Zirve mücadelesi zordur. Hele hele makas daraldığında elinize kağıdı kalemi alır iki güne bir şampiyonluğa giden maçların matematiğini yaparsanız.
Matematikte yapılan hesaplar bazen tutmaya biliyor; Eskişehir beraberliğindeki örnek gibi…
Tabi bu yol inişli, çıkışlı ve engebelidir. Sizin geçen hafta takılmanızın devamında bu hafta da Giresunspor’un İstanbulspor’a takılmasını da örnek gösterebiliriz.
Bu açıdan bakıldığında Keçiören karşılaşması artık olmazsa olmaz niteliği taşıdı. Yüzde yüz almanız gereken bir maç olarak öne geldi. Başkan Murat Sancak’ın cezasının sona ermesiyle tribündeki varlığı oyuncularına ayrıca bu maçla ilgili anlam kazandırdı.

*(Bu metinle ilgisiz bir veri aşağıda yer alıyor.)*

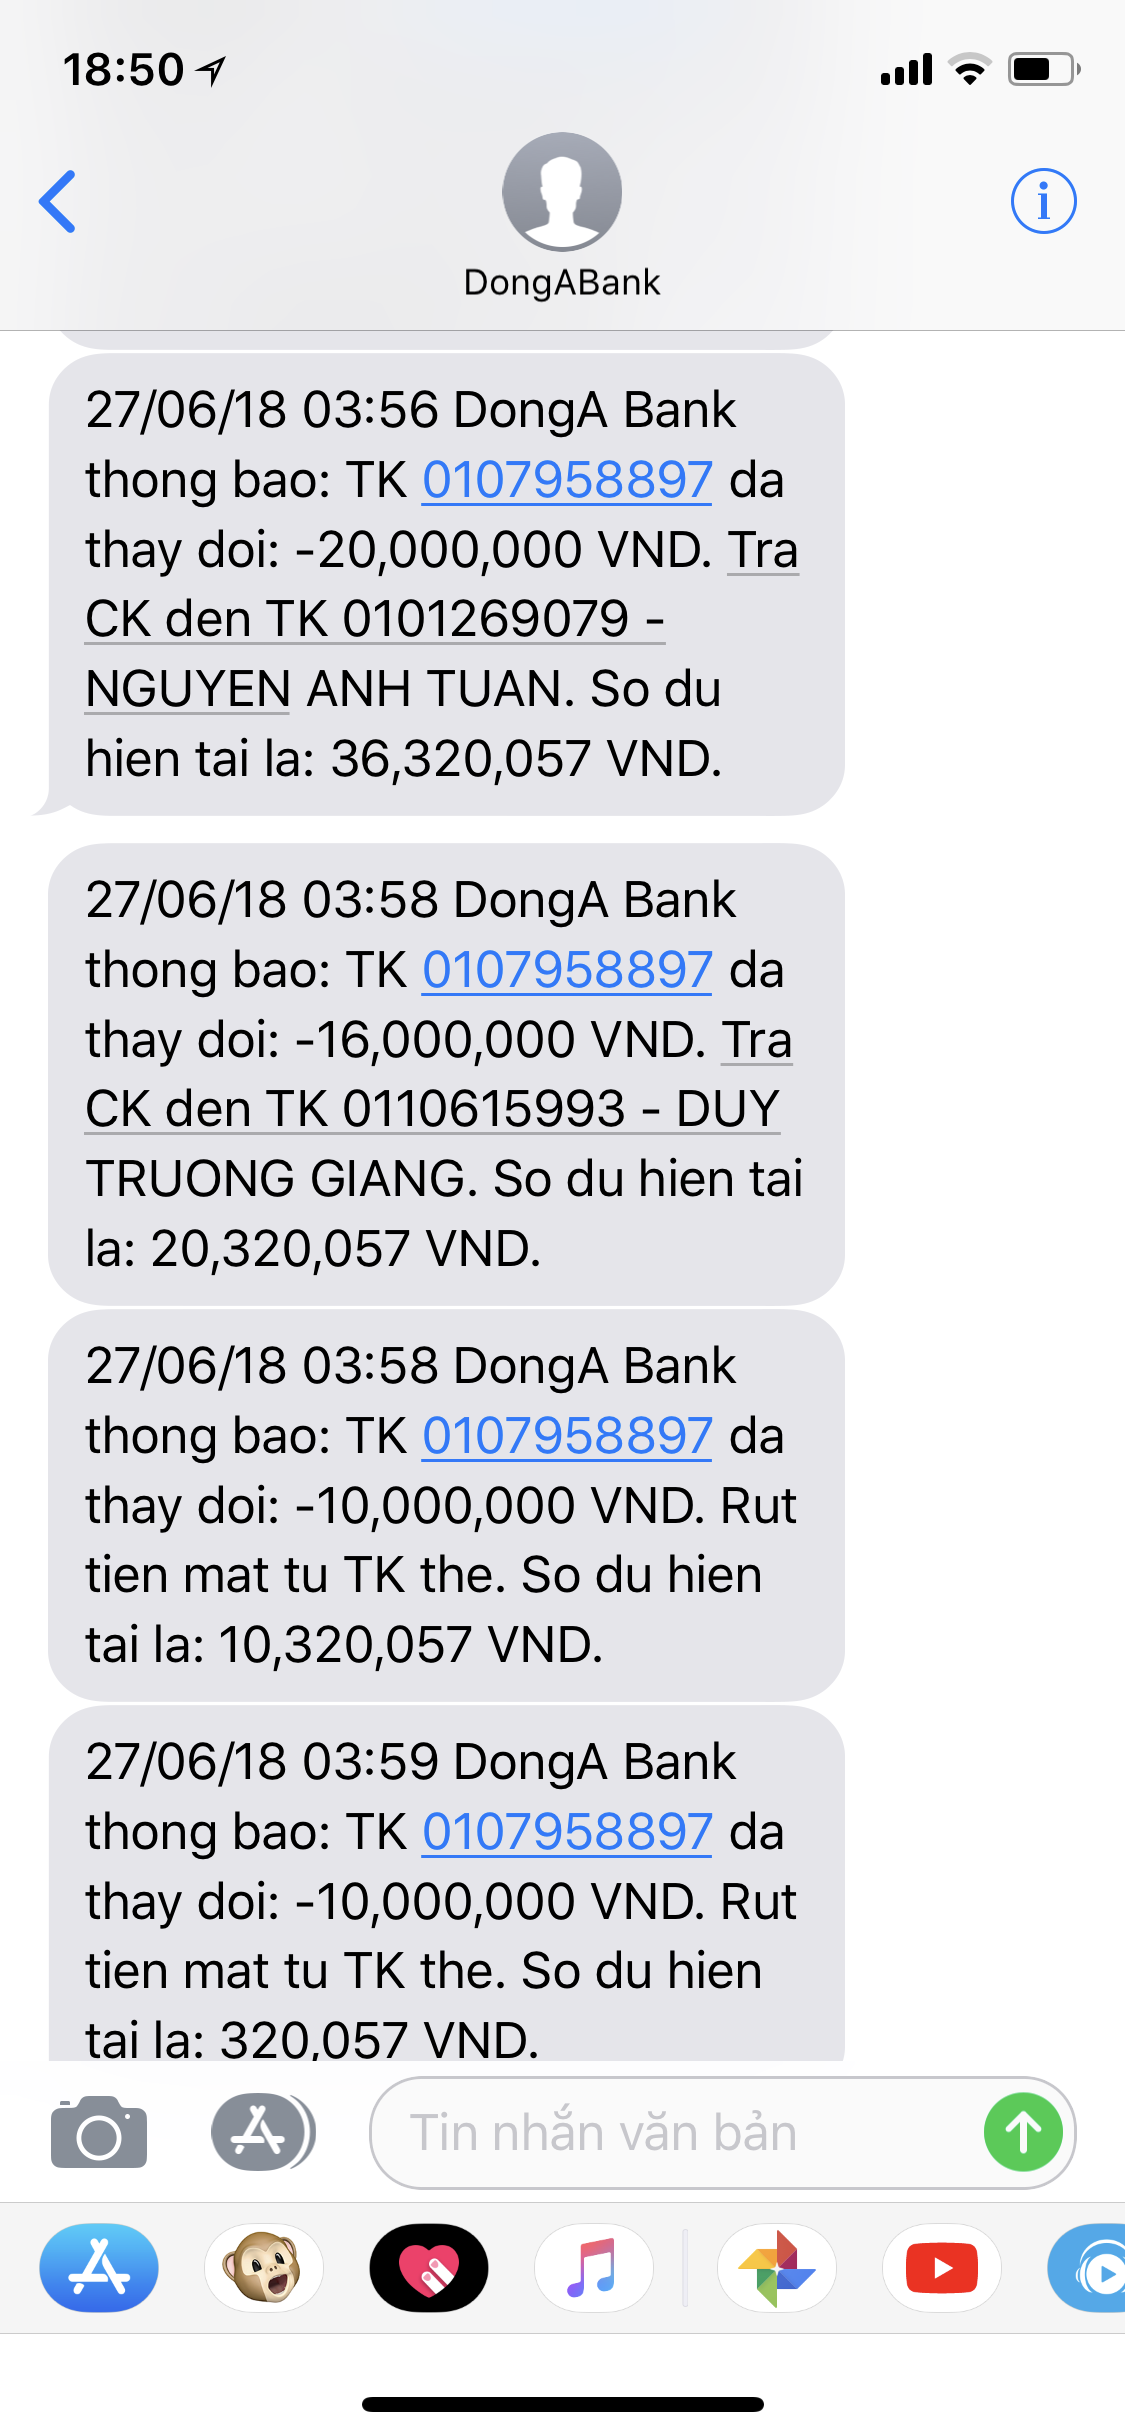 Đến với Đông Á Bank, bạn sẽ được trải nghiệm dịch vụ chuyên nghiệp và tiện ích tuyệt vời cho các giao dịch tài chính. Những hình ảnh liên quan đến DongA Bank sẽ khiến bạn cảm thấy yên tâm và tin tưởng hơn về ngân hàng của mình.

Teknik Direktör Samet Aybaba’nın çıkardığı 11 ve oyuncuların 90 dakika boyunca disiplinli mücadele verip oyunu rakip yarı alana yığması da güzellikler arasındaydı. Bu süreç içerisinde ilk 11’de sahaya çıkan ve sonradan oyuna giren futbolcuların o bilinçle uyumu memnuniyet vericiydi.
Keçiören maçına dair heyecan verici ancak bir o kadar da öfkelendiren, kazanılan net pozisyonların cömertçe ve hovardaca harcanması idi. Bu pozisyonlar kaçarken hep aklımıza Eskişehirspor maçında son dakikalarda yenilen gol geldi ve hep –acaba?- deyip durduk!
Takım çok gol kaçırdı. Hep ne denir ,”Bir takım pozisyona giriyorsa o takımdan korkmayın…”
Ancak sezonun sonu geliyor. Yani telafisi olmayan maçlar oynanıyor. Dolayısıyla pozisyona girmek önemli ancak gol değil golleri atmak daha önemli oldu.
Sonuç itibariyle Adana Demirspor Dibba ve oyuna geçte olsa giren Volkan Şen’in golleriyle 3 puanı cebine koydu.
Süreç işliyor. Adana Demirspor an itibariyle kendi göbeğini kesemiyor ancak tüm maçlarını aldığı takdirde büyük fotoğrafı görebilecek noktaya gelebileceğine yürekten inanıyorum.
- galibiyet geride kaldı. Yeniden odaklanma ve mücadele devam etme süreci başlamıştır.